Гнусное пойло, похоже, прижилось в желудке. Мечта напиться до бесчувствия мало – помалу претворялась в жизнь, оставалось только надеяться, что окончательная стадия наступит уже в пути. Если, конечно, проклятый дилижанс вообще соизволит появиться.

Помимо Сэма, в комнатушке с гордым названием «зал ожидания» находился только необъятный дорожный сундук, почти совсем загородивший единственное окно, прорубленное у самого пола. Из оставшейся щели пробивалась полоса света, в которой танцевало густое облако пыли. Судя по всему, сундук внесли недавно. Новенький и чистый, он дожидался дилижанса, что обещало попутчика на пути в Эксетер. Хозяин этого внушительного предмета, кем бы он ни оказался, явно был человеком более осведомленным, чем Сэм, потому что опаздывал заодно с дилижансом. Возможно, он прослышал, что сообщение нарушено. В этом случае оставалось идти пешком, вот только в какую сторону?

Как всякий чужестранец, Сэм чувствовал себя не более уверенно, чем выброшенная на берег рыба. Двух недель, проведенных в Англии, оказалось недостаточно для знакомства со страной и ее обитателями. А сегодня он особенно ненавидел «гордых бриттов» всеми фибрами своей души – от их британских подметок до неодобрительно поднятых бровей. Ненавидел бледные, одутловатые лица их детей; их трясущихся, мерзко тявкающих собачонок и жирных кастрированных котов; их неудобные экипажи, глухие заборы и узкие закоулки. Но больше всего он ненавидел то, что эти люди никогда, никогда не говорили того, что думают! Он готов был собственными руками вырвать любой язык, скупо отмеряющий пустые, уклончивые слова…

А впрочем, какая разница? Он возвращается домой.

Сэм сделал круг по «залу ожидания» и вернулся к единственному предмету меблировки – деревянной скамье. Усевшись на нее боком, он предался скорбным размышлениям.

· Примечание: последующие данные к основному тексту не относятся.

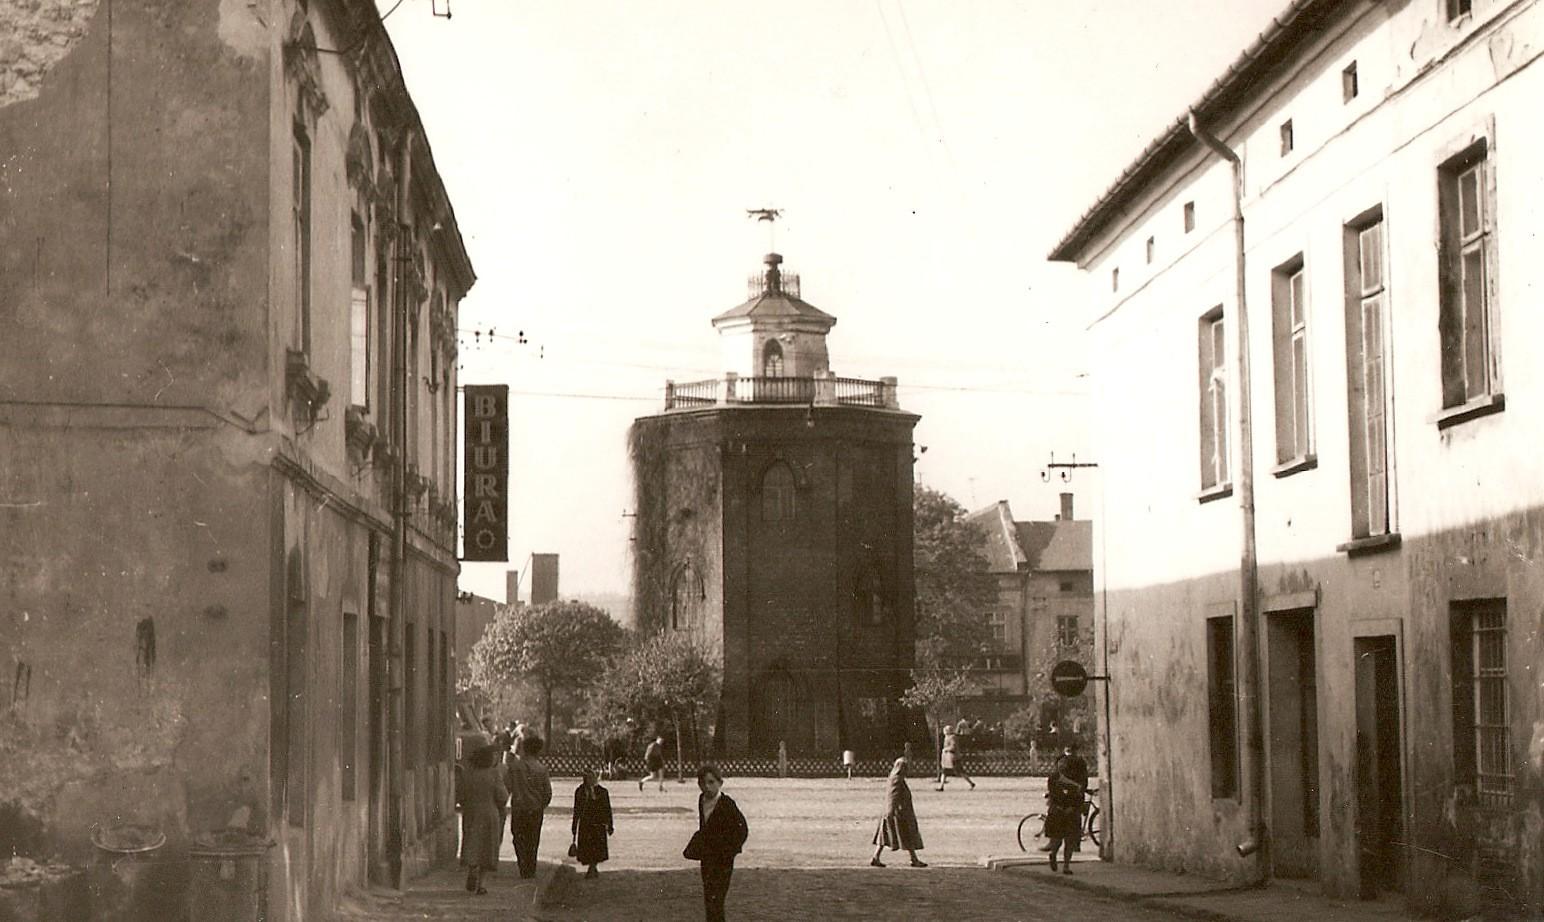 Wieża ciśnień - widok od strony ulicy Floriańskiej. Fotografia z albumu rodziny Pawełczyków przekazana Piotrowi Nogieciowi.
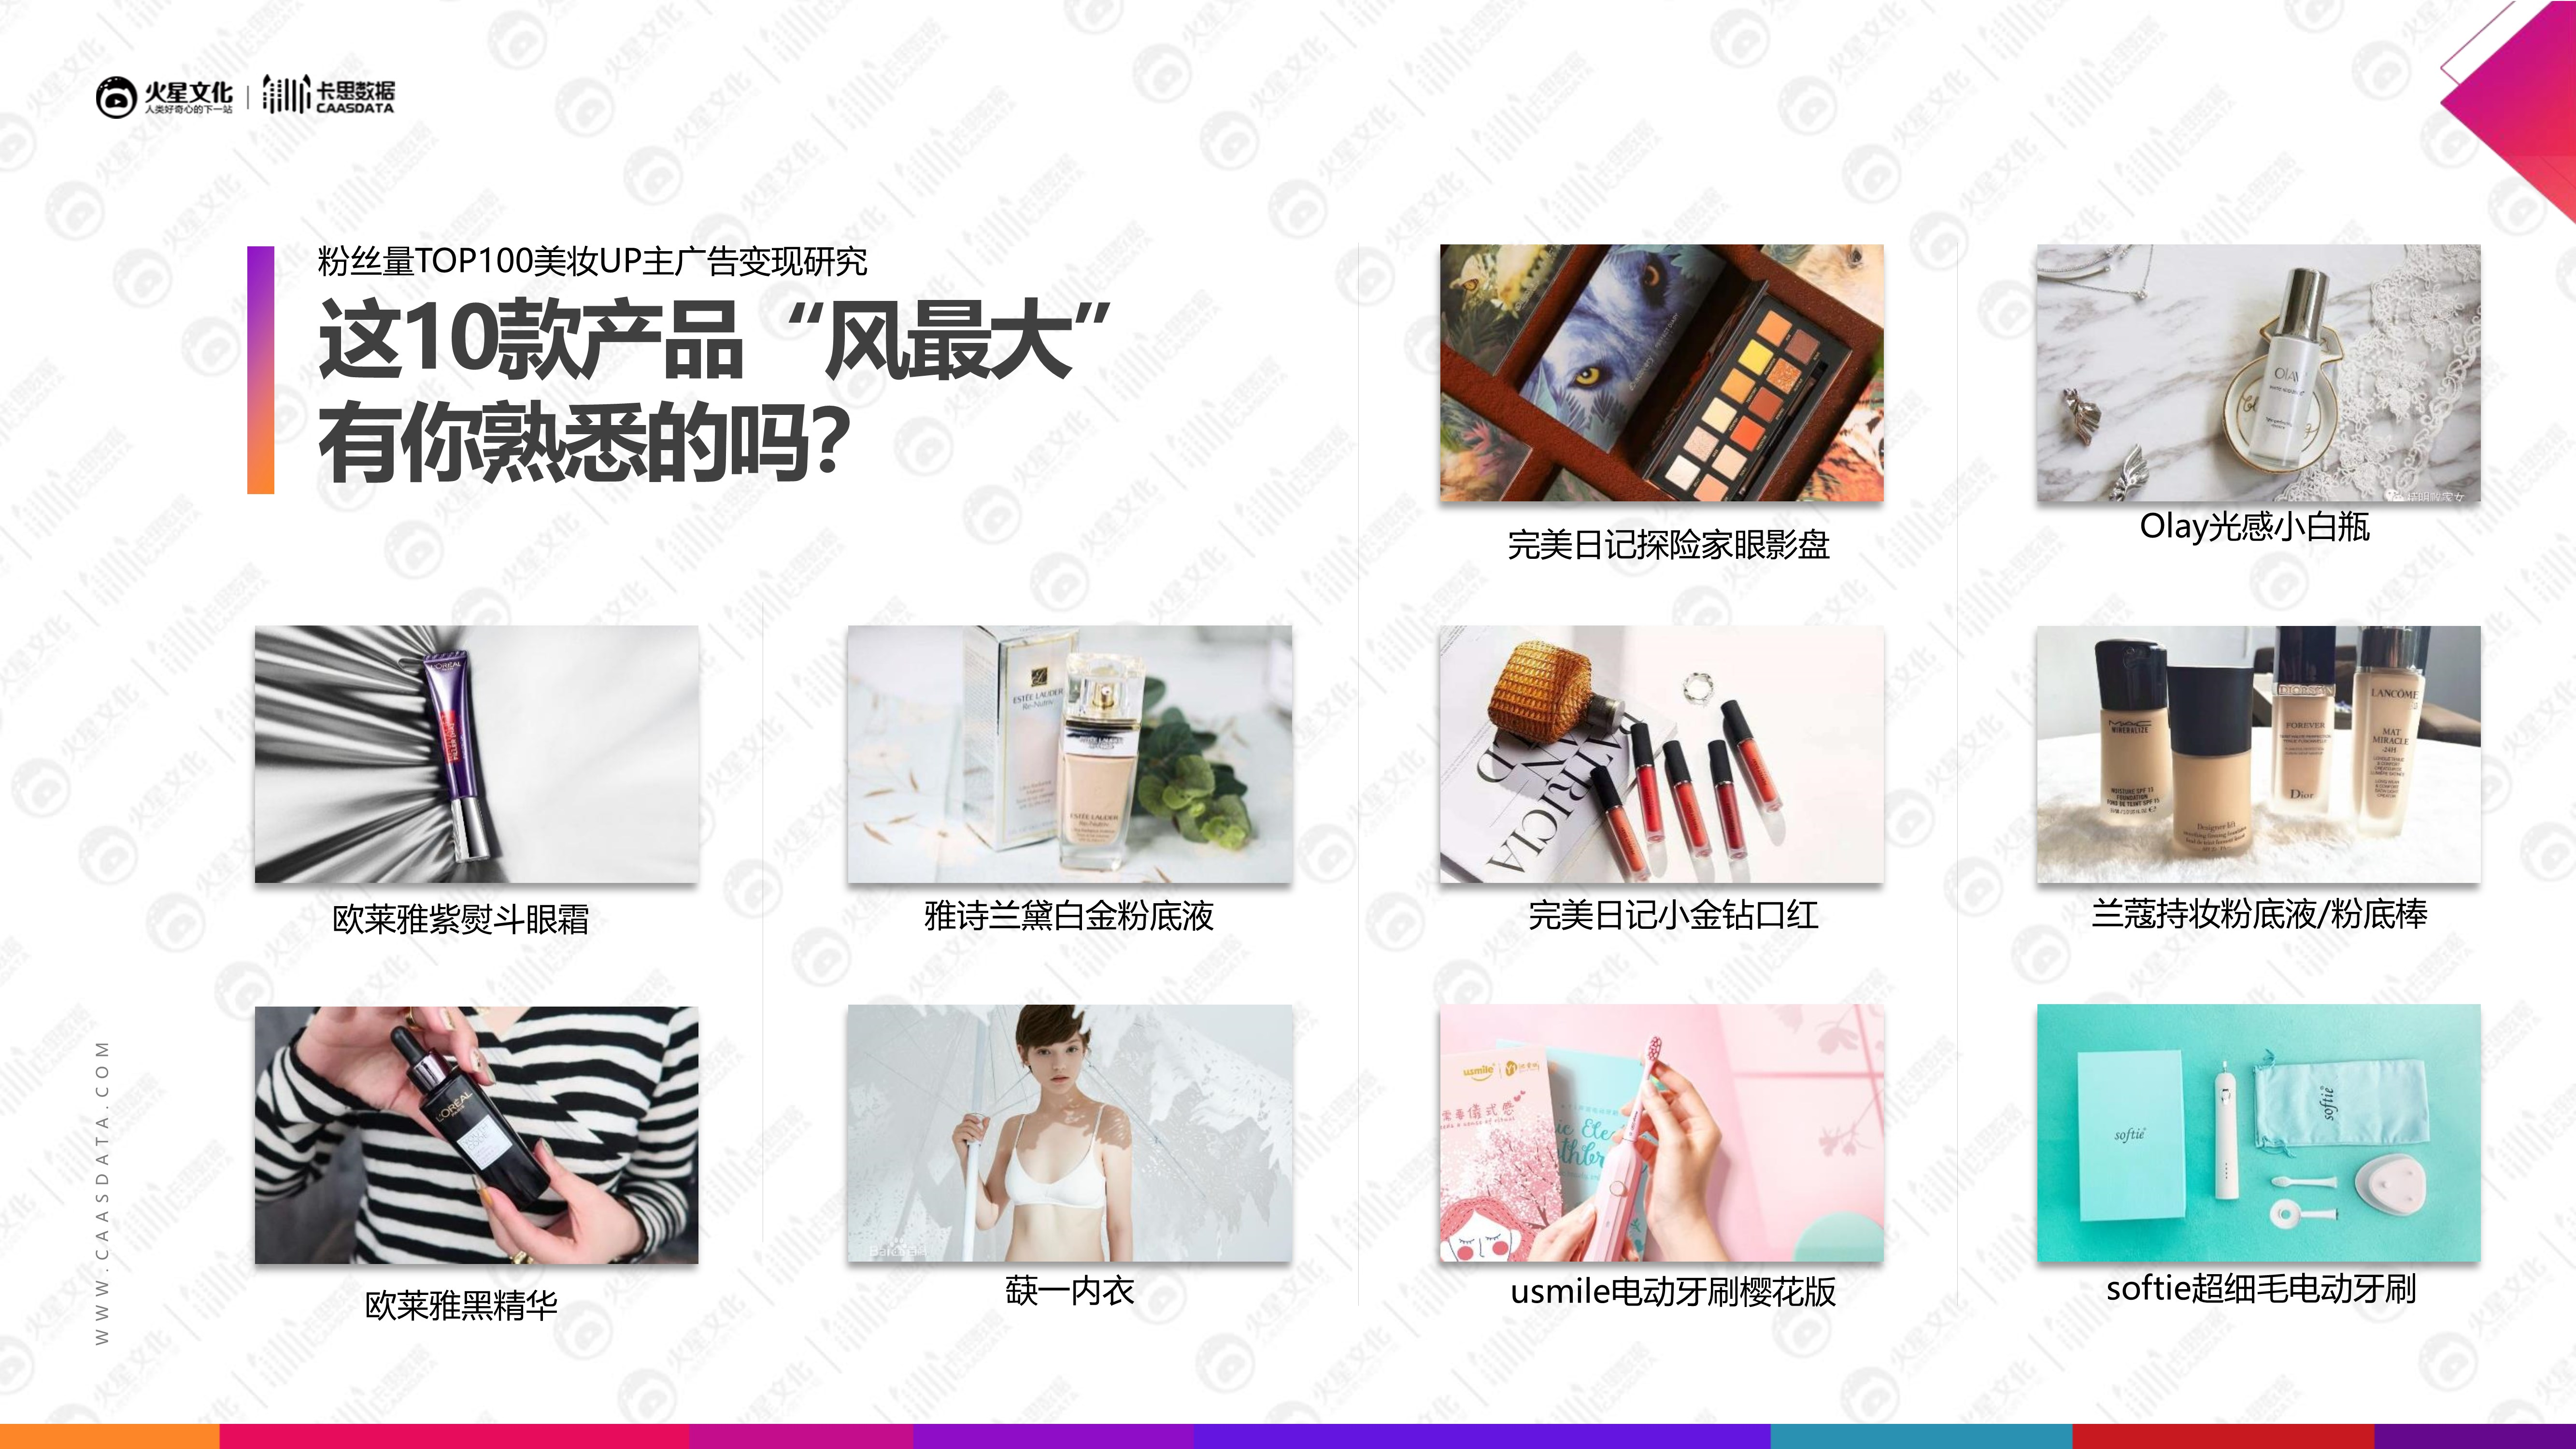 2019美妆短视频KOL营销报告(75页)

Эта идиотка, Гвен – его бывшая невеста. Как он ее ненавидел! Как он любил ее! Как по ней тосковал! А она… она посмела смешать его с грязью!

Несколько минут Сэм угрюмо доказывал Гвен, насколько она не права. Он это делал не впервые – собственно говоря, только этим он и занимался между глотками спиртного. Как и прежде, ему удалось убедить свою воображаемую оппонентку, что правда на его стороне. Его аргументы были точны и убедительны. Как тут было не пожалеть, что перлы красноречия пропадают зря!

Несколько глотков – и фляжка опустела. Сэм тупо спросил себя, когда же наконец весь его организм поймет то, что рот понял с первой же порции: что местное виски – чистейшая отрава. Потом мысли разом смешались, перед глазами поплыло. Ощущение было прелюбопытнейшее. Голова, казалось, отделилась от тела и отправилась в плавание по волнам. Чтобы убедиться, что это не так, Сэм постучал ею о жесткую спинку скамьи, но это только ухудшило дело. Тогда он зажмурился. Как может болеть все сразу? Нижнее веко, должно быть, раздуло со сливу! Оно, похоже, полностью поглотило верхнее вместе с глазом.

Ощутив, что заваливается на бок, Сэм расслабился и позволил себе принять горизонтальное положение. Он услышал громкий стук, с которым его голова опустилась на сиденье. Лежать было приятно, но опасно: выпитое просилось наружу вместе со съеденной на завтрак яичницей, и ничего не стоило захлебнуться до смерти содержимым собственного желудка. Однако чтобы подняться, требовалось слишком большое усилие, как физическое, так и волевое, поэтому Сэм решил не шевелиться. Мало – помалу тошнота прошла, и он начал погружаться в сон, видя самого себя как новенький серебряный доллар, исчезающий в мутной глубине пруда… все ниже, ниже… в скопившийся,на дне ил… и забвение.


– Пенис, – сказала Лидия Бедфорд-Браун. – Попроси его показать тебе свой пенис, так эта штука называется в учебниках по анатомии.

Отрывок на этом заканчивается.